In my demo environment I have two nodes, CAP and BUCKY. CAP is the primary, BUCKY is the replica, and there are two databases, AdventureWorks2012 and WideWorldImporters in my TestLocation AG:
In this case, my WideWorldImporters database is the one that’s behind on the secondary replica, so this is the database we want to remove and then re-initialize. On the secondary (BUCKY) we will remove WideWorldImporters from the AG with this TSQL:
USE [master]; GO ALTER DATABASE [WideWorldImporters] SET HADR OFF; GO
You can also do this in the UI, if you right-click on the database within the AG and select Remove Secondary Database, but I recommend scripting it and then running it (screen shot for reference):
After removing the database, it will still be listed for the AG but it will have a red X next to it (don’t panic).

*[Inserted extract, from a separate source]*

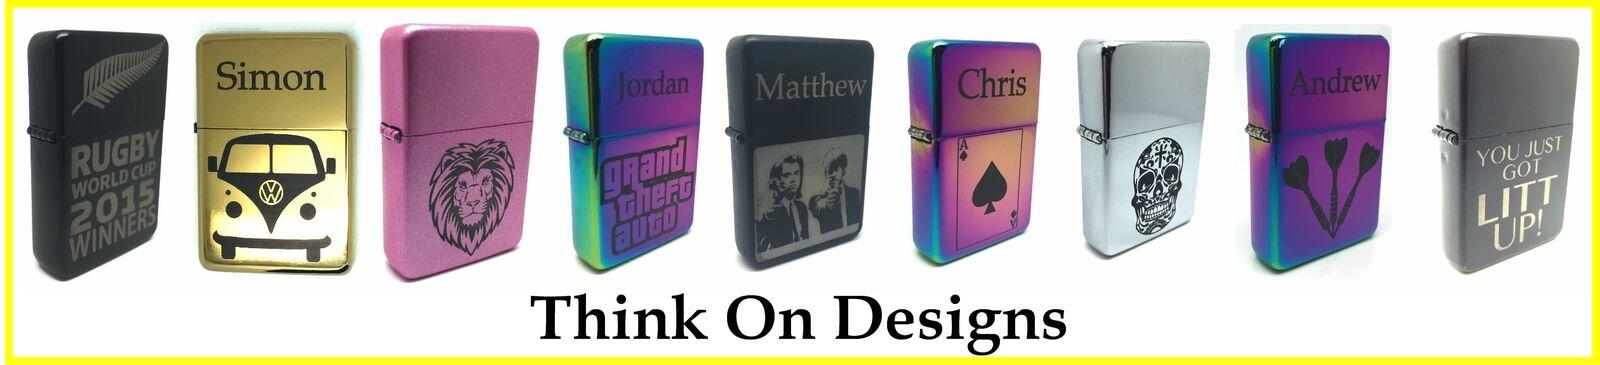 Think On Designs

It will also be listed in the list of Databases, but it will have a status of Restoring…
If you check the primary, the WideWorldImporters database there is healthy:
You can still access WideWorldImporters as it’s part of the AG and using the Listener. The system is still available, but I’m playing without a net. If the primary goes down, I will have not have access to the WideWorldImporters database. In this specific case, this was a risk I was willing to take (again, because the time to restore the database was less than the time it would take the secondary to catch up). Also note that because this database is in an Availability Group by itself, the transaction log will be truncated when it’s backed up.
At this point, you want to kick off a restore of the most recent full backup of the database on the replica (BUCKY):
USE [master]; GO RESTORE DATABASE [WideWorldImporters] FROM DISK = N'C:\Backups\WWI_Full.bak' WITH FILE = 1, MOVE N'WWI_Primary' TO N'C:\Databases\WideWorldImporters.mdf', MOVE N'WWI_UserData' TO N'C:\Databases\WideWorldImporters_UserData.ndf', MOVE N'WWI_Log' TO N'C:\Databases\WideWorldImporters.ldf', MOVE N'WWI_InMemory_Data_1' TO N'C:\Databases\WideWorldImporters_InMemory_Data_1', NORECOVERY, REPLACE, STATS = 5; GO
Depending on how long this takes, at some point I disable the jobs that run differential or log backups on the primary (CAP), and then manually kick off a differential backup on the primary (CAP).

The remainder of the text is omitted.